(Records to process Opens)
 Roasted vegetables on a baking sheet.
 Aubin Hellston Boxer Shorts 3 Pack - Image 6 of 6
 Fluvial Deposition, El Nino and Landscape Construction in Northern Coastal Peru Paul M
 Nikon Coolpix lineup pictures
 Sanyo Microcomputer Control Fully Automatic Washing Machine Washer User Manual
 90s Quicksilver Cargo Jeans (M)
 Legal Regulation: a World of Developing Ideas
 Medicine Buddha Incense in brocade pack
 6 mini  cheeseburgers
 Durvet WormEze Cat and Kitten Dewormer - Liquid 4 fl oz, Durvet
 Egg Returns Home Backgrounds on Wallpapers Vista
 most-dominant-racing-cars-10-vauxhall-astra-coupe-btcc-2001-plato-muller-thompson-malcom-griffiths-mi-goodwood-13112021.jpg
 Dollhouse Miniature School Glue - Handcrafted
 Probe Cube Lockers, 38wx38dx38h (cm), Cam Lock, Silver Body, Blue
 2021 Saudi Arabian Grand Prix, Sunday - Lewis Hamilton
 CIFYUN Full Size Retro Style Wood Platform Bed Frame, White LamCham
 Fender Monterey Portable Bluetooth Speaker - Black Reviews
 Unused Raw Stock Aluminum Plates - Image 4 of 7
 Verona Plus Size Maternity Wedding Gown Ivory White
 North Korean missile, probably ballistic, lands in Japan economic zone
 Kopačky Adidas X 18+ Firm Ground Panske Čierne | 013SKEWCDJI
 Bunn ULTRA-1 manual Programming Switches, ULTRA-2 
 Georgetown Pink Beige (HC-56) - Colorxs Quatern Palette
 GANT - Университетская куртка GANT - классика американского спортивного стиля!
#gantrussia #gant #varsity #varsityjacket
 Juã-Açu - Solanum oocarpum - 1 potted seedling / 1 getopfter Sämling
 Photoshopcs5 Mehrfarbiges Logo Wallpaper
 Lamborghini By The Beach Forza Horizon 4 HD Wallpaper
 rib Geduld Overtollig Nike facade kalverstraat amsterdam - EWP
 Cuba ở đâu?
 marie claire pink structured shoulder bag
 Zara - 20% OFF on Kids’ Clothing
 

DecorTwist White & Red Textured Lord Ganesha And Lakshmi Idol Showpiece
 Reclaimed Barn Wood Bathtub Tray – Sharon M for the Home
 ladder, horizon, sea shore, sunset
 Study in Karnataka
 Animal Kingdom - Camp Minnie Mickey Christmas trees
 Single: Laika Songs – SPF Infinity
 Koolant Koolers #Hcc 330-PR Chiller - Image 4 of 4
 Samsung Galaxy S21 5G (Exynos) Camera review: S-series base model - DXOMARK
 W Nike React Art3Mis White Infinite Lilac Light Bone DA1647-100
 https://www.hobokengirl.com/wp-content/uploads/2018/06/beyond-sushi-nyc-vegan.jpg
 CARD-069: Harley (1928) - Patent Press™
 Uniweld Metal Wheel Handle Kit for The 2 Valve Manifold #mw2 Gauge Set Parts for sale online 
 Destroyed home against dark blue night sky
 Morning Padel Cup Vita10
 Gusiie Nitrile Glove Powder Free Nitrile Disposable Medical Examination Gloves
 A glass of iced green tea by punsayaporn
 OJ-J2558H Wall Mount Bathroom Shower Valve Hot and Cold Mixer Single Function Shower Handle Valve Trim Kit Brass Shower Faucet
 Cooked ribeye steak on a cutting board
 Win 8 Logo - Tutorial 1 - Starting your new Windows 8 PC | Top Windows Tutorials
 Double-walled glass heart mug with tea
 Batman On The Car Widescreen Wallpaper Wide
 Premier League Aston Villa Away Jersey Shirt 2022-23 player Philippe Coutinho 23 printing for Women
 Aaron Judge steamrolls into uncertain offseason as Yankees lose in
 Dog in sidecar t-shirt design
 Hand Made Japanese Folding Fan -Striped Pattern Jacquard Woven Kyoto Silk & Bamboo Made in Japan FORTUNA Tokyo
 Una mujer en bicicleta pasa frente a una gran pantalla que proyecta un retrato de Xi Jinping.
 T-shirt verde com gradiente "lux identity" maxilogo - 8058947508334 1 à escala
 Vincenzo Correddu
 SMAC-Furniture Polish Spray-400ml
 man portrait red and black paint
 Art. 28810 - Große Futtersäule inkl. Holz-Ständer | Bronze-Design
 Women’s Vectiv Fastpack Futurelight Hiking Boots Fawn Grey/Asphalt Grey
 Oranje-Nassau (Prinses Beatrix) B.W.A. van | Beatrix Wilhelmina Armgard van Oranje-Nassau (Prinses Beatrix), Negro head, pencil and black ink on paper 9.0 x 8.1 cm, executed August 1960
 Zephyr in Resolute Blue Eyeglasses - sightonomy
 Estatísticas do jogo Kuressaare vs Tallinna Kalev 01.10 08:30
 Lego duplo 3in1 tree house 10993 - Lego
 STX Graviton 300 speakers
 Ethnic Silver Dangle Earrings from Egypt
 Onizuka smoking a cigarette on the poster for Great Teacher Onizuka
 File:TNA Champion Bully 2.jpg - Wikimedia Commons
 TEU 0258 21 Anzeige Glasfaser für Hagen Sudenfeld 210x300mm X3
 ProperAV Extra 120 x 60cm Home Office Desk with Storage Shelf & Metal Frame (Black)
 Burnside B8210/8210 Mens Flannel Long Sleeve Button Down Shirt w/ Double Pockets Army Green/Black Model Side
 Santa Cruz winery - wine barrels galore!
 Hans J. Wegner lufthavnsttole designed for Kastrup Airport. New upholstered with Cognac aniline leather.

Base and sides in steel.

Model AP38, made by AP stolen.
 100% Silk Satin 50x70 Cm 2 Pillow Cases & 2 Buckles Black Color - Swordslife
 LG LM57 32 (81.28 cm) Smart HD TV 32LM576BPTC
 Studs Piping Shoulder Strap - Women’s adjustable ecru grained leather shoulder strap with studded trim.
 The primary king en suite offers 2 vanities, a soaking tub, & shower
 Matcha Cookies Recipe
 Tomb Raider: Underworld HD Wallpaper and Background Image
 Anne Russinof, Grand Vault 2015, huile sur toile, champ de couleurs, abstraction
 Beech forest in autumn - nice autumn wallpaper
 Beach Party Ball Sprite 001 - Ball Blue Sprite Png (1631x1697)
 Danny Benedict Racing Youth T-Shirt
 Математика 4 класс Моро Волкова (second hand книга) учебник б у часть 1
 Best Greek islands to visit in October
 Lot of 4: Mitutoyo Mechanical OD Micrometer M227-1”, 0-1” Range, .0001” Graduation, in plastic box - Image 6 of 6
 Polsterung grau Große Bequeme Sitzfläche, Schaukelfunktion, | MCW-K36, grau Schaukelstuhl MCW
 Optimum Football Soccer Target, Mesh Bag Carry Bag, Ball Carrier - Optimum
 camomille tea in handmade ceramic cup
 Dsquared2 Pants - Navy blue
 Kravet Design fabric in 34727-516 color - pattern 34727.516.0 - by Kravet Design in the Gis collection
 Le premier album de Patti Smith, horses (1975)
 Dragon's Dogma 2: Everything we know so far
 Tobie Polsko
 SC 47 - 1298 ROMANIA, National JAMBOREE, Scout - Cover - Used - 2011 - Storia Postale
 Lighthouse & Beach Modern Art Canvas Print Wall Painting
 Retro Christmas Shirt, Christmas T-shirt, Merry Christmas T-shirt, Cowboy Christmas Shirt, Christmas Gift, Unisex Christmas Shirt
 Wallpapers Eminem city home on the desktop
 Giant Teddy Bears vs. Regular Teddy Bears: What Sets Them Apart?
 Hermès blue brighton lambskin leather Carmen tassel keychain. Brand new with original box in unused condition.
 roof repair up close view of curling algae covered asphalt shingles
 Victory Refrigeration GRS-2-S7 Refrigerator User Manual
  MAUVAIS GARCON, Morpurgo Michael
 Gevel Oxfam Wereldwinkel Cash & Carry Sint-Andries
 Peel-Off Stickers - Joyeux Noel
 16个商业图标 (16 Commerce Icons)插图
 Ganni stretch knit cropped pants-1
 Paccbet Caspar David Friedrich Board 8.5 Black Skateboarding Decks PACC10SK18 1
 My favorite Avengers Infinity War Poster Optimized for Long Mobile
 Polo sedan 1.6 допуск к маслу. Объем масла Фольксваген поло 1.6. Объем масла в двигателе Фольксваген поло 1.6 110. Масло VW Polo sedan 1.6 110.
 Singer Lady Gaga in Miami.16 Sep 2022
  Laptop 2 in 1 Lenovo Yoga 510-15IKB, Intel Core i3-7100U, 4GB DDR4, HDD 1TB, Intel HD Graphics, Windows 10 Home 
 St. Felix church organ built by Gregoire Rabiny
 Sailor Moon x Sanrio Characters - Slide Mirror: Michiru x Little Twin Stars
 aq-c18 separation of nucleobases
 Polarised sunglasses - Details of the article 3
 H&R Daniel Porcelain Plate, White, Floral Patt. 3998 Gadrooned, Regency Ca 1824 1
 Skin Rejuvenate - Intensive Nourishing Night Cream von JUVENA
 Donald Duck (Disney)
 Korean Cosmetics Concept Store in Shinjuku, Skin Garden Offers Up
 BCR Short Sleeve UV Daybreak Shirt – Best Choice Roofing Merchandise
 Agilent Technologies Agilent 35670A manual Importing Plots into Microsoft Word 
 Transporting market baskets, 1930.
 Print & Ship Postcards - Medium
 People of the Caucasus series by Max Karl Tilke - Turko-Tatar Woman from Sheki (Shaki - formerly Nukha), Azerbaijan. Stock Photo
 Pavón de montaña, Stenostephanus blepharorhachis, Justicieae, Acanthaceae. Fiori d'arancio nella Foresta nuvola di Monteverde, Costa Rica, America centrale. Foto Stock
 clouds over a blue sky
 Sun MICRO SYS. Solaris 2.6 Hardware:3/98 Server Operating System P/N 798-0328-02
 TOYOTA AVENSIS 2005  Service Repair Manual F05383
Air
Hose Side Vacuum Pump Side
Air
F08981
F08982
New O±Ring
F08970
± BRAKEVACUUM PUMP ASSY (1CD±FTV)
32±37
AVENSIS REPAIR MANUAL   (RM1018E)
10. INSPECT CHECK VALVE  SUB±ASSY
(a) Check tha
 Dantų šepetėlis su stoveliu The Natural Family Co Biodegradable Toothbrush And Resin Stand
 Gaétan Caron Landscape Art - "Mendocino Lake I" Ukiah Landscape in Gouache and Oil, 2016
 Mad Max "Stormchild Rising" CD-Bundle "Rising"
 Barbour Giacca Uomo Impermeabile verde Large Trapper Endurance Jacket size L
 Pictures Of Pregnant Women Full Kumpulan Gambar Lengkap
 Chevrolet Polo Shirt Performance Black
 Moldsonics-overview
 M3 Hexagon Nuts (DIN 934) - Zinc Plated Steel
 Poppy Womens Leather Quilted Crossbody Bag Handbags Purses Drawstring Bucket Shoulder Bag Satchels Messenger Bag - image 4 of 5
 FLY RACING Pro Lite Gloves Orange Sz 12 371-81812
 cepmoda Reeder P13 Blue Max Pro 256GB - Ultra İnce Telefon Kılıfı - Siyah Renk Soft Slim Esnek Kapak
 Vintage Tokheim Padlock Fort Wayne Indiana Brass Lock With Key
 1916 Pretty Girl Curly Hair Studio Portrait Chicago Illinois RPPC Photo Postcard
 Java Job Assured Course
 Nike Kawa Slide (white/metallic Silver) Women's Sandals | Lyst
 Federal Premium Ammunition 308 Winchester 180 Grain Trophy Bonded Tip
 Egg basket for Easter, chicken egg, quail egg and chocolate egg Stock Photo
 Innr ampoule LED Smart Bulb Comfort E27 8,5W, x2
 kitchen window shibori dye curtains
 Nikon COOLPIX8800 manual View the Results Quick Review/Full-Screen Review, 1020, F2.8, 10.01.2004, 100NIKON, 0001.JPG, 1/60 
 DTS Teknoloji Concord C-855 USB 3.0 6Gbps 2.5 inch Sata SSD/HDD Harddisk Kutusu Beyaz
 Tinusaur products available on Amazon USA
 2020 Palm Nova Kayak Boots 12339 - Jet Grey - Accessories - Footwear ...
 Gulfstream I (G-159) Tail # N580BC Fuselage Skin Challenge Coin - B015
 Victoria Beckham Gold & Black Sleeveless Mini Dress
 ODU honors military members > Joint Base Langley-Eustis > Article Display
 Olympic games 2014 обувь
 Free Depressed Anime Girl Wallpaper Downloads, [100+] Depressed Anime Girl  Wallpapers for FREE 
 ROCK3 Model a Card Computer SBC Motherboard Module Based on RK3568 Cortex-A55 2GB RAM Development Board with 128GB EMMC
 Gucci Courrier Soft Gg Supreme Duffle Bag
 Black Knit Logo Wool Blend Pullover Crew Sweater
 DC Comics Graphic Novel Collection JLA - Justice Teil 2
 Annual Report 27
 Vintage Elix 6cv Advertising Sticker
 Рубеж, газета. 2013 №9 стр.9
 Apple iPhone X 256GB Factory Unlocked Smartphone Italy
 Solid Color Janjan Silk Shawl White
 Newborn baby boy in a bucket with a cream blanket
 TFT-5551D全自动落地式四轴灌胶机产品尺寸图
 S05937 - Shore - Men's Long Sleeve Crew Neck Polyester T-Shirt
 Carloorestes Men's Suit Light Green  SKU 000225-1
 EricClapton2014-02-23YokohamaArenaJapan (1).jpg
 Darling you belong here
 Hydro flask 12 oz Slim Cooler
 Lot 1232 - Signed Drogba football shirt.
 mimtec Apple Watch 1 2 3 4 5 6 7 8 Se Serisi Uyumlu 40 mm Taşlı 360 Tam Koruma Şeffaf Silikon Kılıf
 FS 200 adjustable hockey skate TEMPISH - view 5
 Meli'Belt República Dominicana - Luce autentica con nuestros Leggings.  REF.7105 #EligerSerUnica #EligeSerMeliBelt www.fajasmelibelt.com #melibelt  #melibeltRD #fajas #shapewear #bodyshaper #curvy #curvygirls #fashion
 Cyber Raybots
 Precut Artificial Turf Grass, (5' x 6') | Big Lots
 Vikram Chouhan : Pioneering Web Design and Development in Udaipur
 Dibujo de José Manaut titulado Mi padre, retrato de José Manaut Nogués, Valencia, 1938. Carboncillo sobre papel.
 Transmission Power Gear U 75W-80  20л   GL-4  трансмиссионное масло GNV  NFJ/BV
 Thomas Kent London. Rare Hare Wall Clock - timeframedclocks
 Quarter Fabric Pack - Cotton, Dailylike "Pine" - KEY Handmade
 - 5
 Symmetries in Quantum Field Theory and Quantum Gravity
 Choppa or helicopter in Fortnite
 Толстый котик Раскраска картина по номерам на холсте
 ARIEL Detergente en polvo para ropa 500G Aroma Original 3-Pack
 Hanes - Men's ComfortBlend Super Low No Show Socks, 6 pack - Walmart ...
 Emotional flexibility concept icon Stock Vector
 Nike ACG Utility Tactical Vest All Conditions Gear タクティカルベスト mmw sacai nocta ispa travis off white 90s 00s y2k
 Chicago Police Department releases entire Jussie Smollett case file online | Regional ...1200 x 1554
(Records to process Closes)
Which lines run from the one holding "(a) Check tha" through the one holding "Free Depressed Anime" in the records above? Repeat them exactly, both included, and nothing more.

Worked solution =
(a) Check tha
 Dantų šepetėlis su stoveliu The Natural Family Co Biodegradable Toothbrush And Resin Stand
 Gaétan Caron Landscape Art - "Mendocino Lake I" Ukiah Landscape in Gouache and Oil, 2016
 Mad Max "Stormchild Rising" CD-Bundle "Rising"
 Barbour Giacca Uomo Impermeabile verde Large Trapper Endurance Jacket size L
 Pictures Of Pregnant Women Full Kumpulan Gambar Lengkap
 Chevrolet Polo Shirt Performance Black
 Moldsonics-overview
 M3 Hexagon Nuts (DIN 934) - Zinc Plated Steel
 Poppy Womens Leather Quilted Crossbody Bag Handbags Purses Drawstring Bucket Shoulder Bag Satchels Messenger Bag - image 4 of 5
 FLY RACING Pro Lite Gloves Orange Sz 12 371-81812
 cepmoda Reeder P13 Blue Max Pro 256GB - Ultra İnce Telefon Kılıfı - Siyah Renk Soft Slim Esnek Kapak
 Vintage Tokheim Padlock Fort Wayne Indiana Brass Lock With Key
 1916 Pretty Girl Curly Hair Studio Portrait Chicago Illinois RPPC Photo Postcard
 Java Job Assured Course
 Nike Kawa Slide (white/metallic Silver) Women's Sandals | Lyst
 Federal Premium Ammunition 308 Winchester 180 Grain Trophy Bonded Tip
 Egg basket for Easter, chicken egg, quail egg and chocolate egg Stock Photo
 Innr ampoule LED Smart Bulb Comfort E27 8,5W, x2
 kitchen window shibori dye curtains
 Nikon COOLPIX8800 manual View the Results Quick Review/Full-Screen Review, 1020, F2.8, 10.01.2004, 100NIKON, 0001.JPG, 1/60 
 DTS Teknoloji Concord C-855 USB 3.0 6Gbps 2.5 inch Sata SSD/HDD Harddisk Kutusu Beyaz
 Tinusaur products available on Amazon USA
 2020 Palm Nova Kayak Boots 12339 - Jet Grey - Accessories - Footwear ...
 Gulfstream I (G-159) Tail # N580BC Fuselage Skin Challenge Coin - B015
 Victoria Beckham Gold & Black Sleeveless Mini Dress
 ODU honors military members > Joint Base Langley-Eustis > Article Display
 Olympic games 2014 обувь
 Free Depressed Anime Girl Wallpaper Downloads, [100+] Depressed Anime Girl  Wallpapers for FREE 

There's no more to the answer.